Limitations and future research

This study on the factors affecting customer satisfaction with Islamic internet banking services during the COVID-19 pandemic in Islamic countries faced several limitations. Although this study considered the different geographical compositions and variations, it may not be generalizable to all the Islamic banks. Since this study focused on specific Islamic banks and excluded others of varying sizes, the findings might not fully be the broader industry. This limitation arose due to the difficulty in reaching many respondents across diverse Islamic banks. Conducted during a period of significant disruptions and uncertainties as a result from COVID-19 pandemic, the study’s temporal constraints might not fully capture long-term trends in customer satisfaction. The focus on some of Islamic countries also limits the applicability of the results to regions with different economic, cultural, and technological contexts.

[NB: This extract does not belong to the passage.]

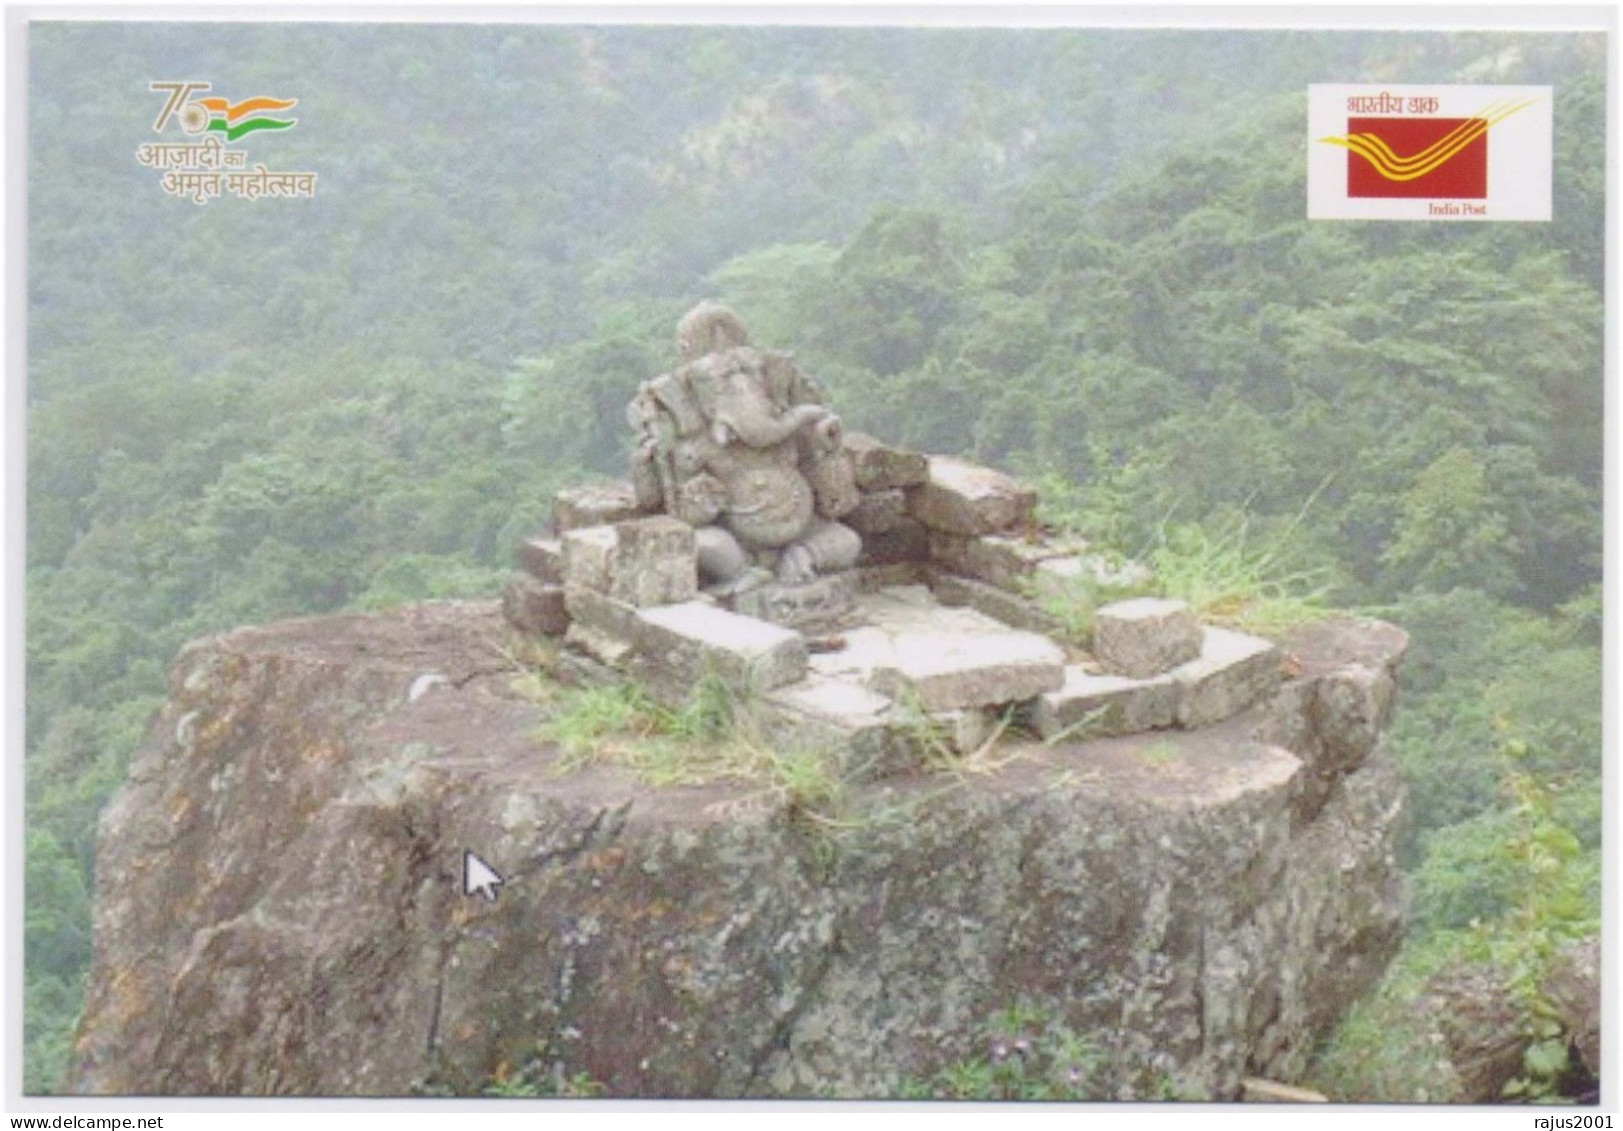 Dholkal Ganesh Temple, Shaktipeeth, Hindu God Ganesha, Located In Mountain, Hinduism, Hindu Mythology, Postal Card India - Hinduism

Measurement limitations, including biases in survey tools and self-reported data, could have influenced the accuracy of the satisfaction levels reported. Furthermore, the study primarily examined factors such as reliability, efficiency, responses, empathy, online service quality, and complaint, potentially overlooking other significant factors like trust, security, usability, service management and personalized services.

Future research should consider conducting longitudinal studies to track changes in customer satisfaction over time, providing insights into the long-term impacts of the COVID-19 pandemic. Comparative studies between different regions, including non-Islamic countries, could offer a broader perspective on the factors affecting on the customer satisfaction in Islamic internet banking services. Incorporating more variables such as security features, user interface design, trust, personalization of services, and mobile banking applications would provide also a more comprehensive view of customer satisfaction.